Monday 21 May 2012

21 V 12

Monday, so drawing.... woke desperate and not knowing anything. Decided to use really beautiful paper so if I couldn't respect my abilities I could at least respect the paper - hand made, heavy, glorious - even for the quickies I used a heavy Arches. Wanted Chinese ink and couldn't find any - have I finally used it all? - didn't want to have to grind any in the course of the session. Settled for a pot labeled 'walnut and gin 2010'. My own, obviously. It was OK, capable of delicate nuance but loaded with greasy flecks. Given the poverty of my work, scarcely relevant.Waste of Fabienne who is a very good model.
So, so - the only way to get through the two hours was to remind myself that the afternoon was mine and I could use the time to work on this beautiful paper and try and make these images work. That got me through the two hours, anyway.
By the afternoon, needed to sleep (bad night) By the time I got to the studio was even more hesitant and nervous than when I'd done the wretched things.
One looked good. Then I over-reached myself. 
Tomorrow might find a route.
At least the paper can take punishment, it is so willing to be abused.
All this, I think, is because yesterday for the first time I did the course of the Artistes a Suivre.  Normally I'm in it or I'm away, whatever, so Ive never actually gone out and visited the expos. Yesterday M offered to drive and we did at least half and maybe three-quarters of the course. Now its hard for me to know what is significant... I so enjoyed the company of M for 8 hours plus, having forgotten the profound pleasure of friendship and shared interests, and was beside myself with happiness. So I can't tell what was good art, what bad (though actually, yes I can -) or what mattered about the day.
But woke thinking how sad it all was. So many decent artists, so many man hours, so much endeavor and care and hope. Yet again forced to confront my own worth and yet again forced to find I've fallen short. And no point in any of it.
One artist whose work I liked in the catalogue seemed to be mirroring my endeavors so I could measure his successes and failures and in his large body of work found two successes, not very successful at that. And they were more successful than any of mine.

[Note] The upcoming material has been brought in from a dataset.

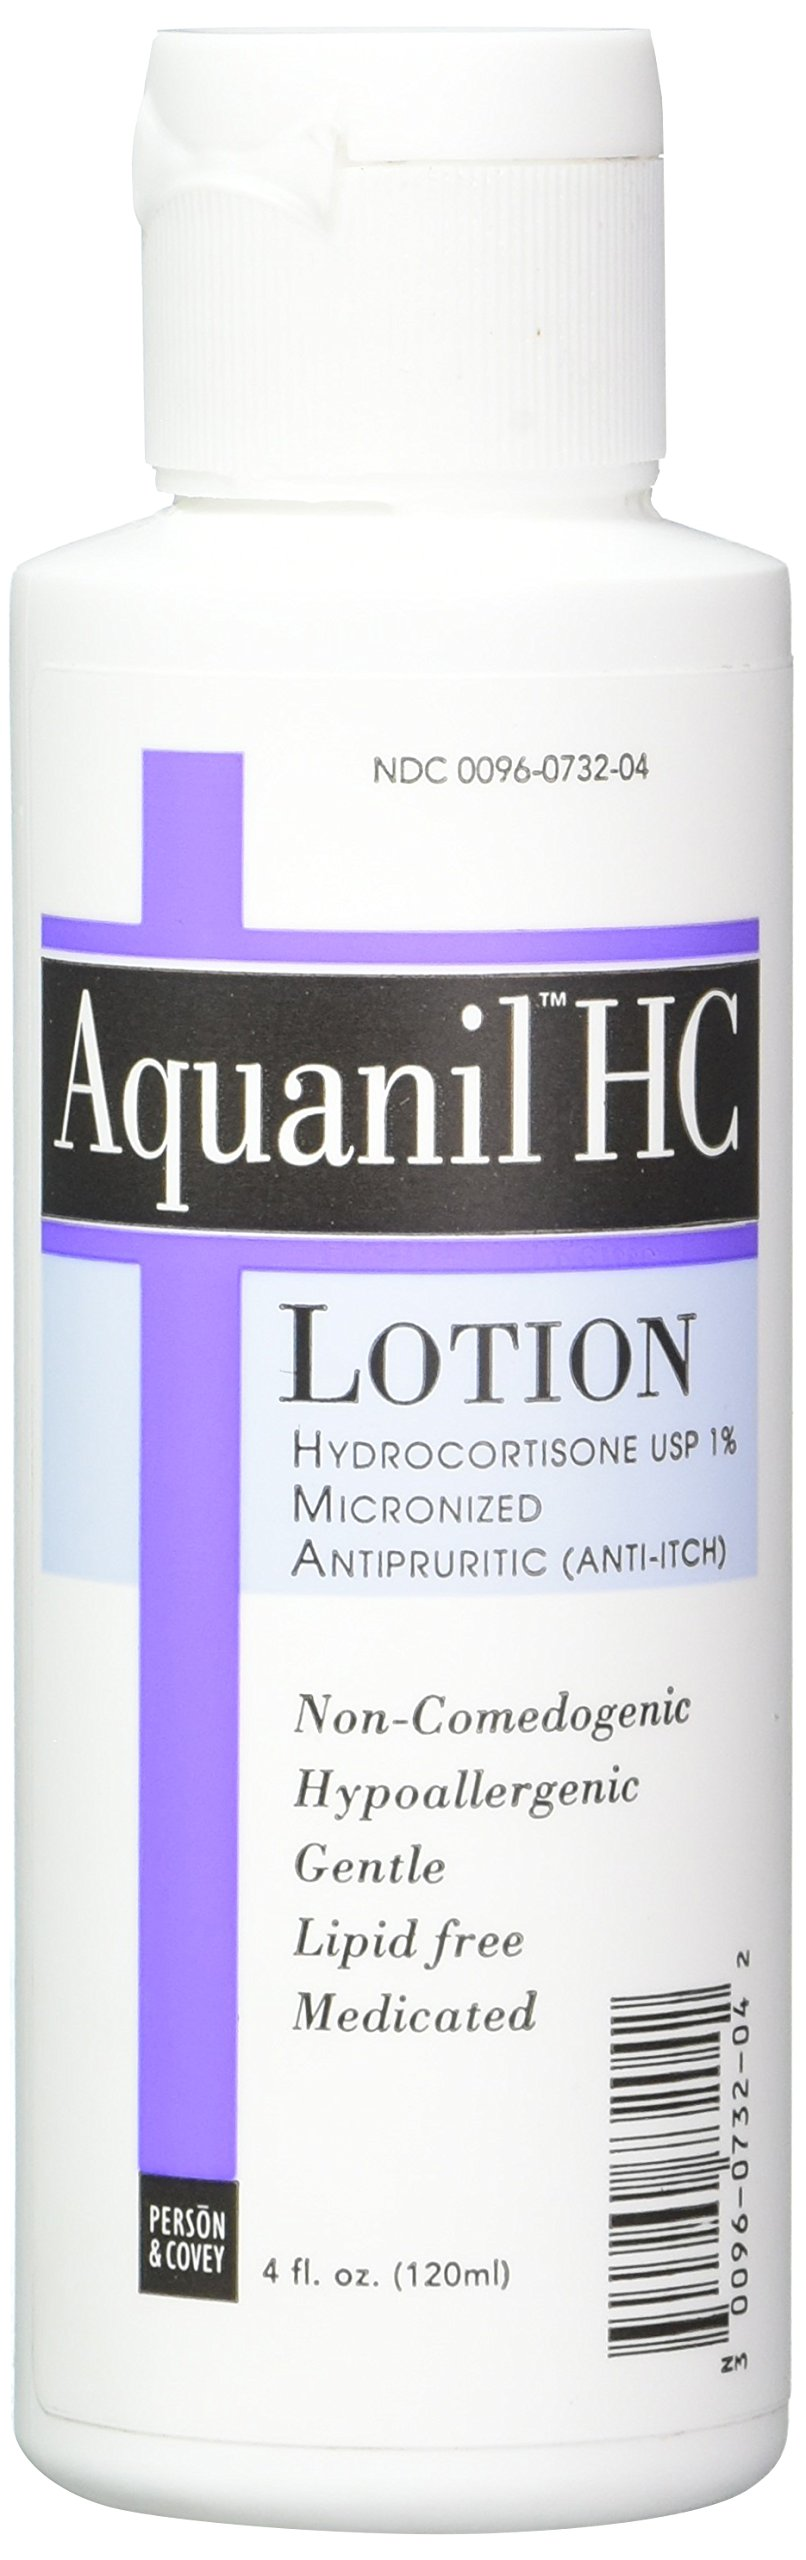 Aquanil Hc Lotion 4 Oz (Pack of 2)

Spoke to Ursula at Carmen's launch on Thursday. She has given up art and taken to Tai Chi.  Shes older than me and after a lifetimes struggle has quit... says its better, says shes less nervous, says it is good not having to think about painting all the time.

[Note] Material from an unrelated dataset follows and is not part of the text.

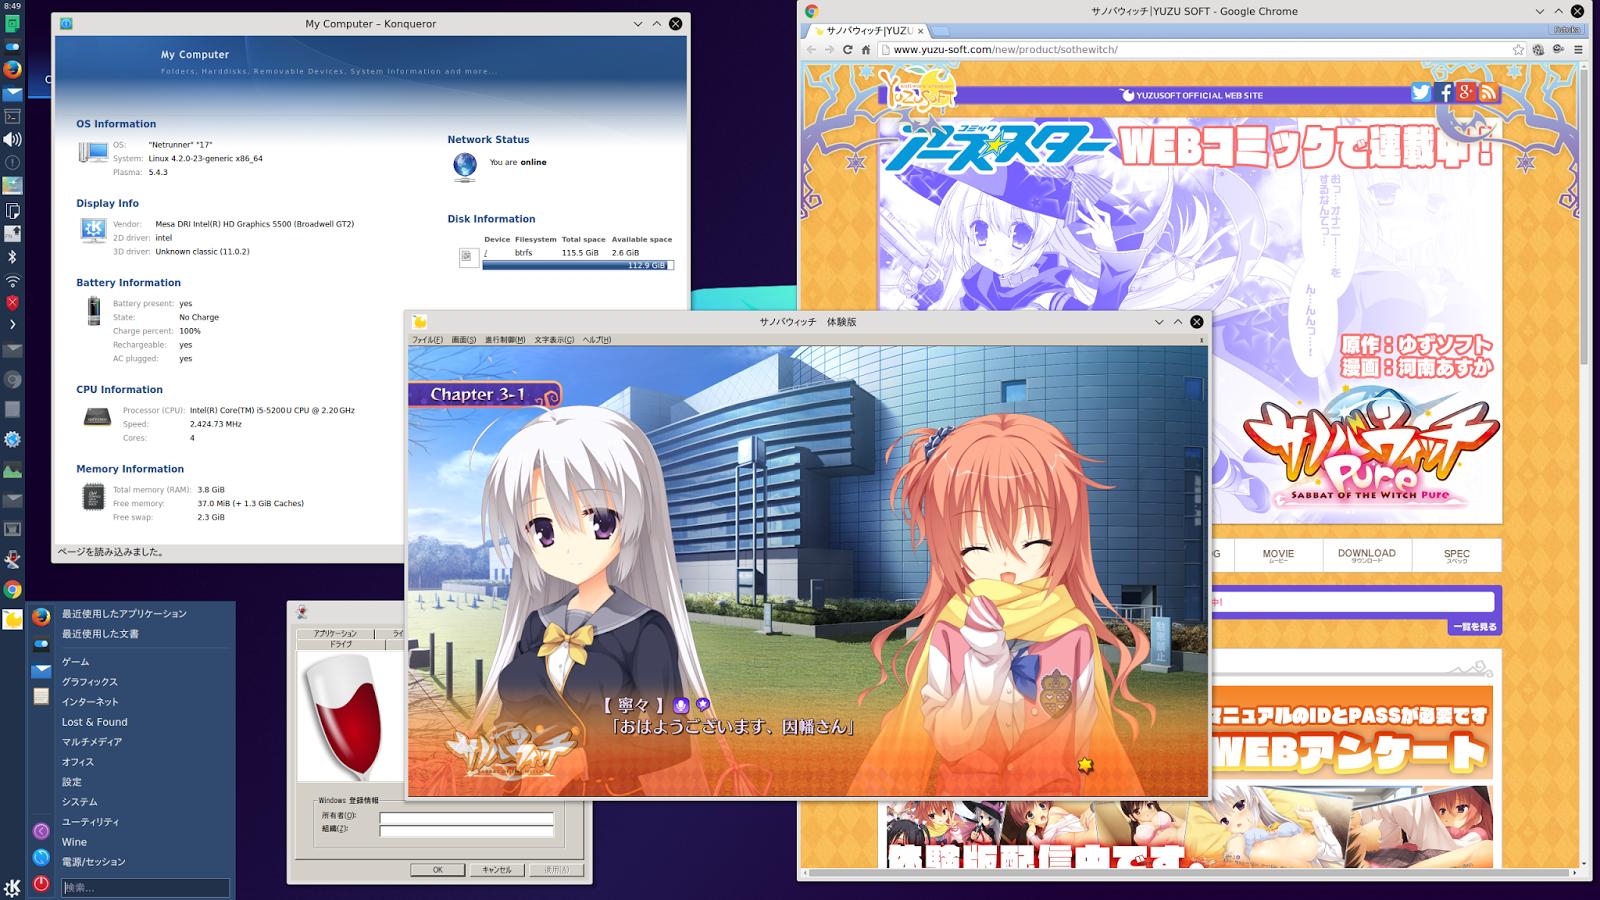 Netrunner 17 〜LinuxでWindowsゲーム〜

In the despair this morning I decided to stop (not for the first time but the first time for a few years) Immediately my mind hissed, so what will you do? Other women manage houses and meals effectively. Other women write, criticism, stories, reportage. Poetry. Come to think of it, I do all this too though not very well, indeed not at all well.
Hey ho. I'm taking myself too seriously. Lets just press on; for if it doesn't matter, why not?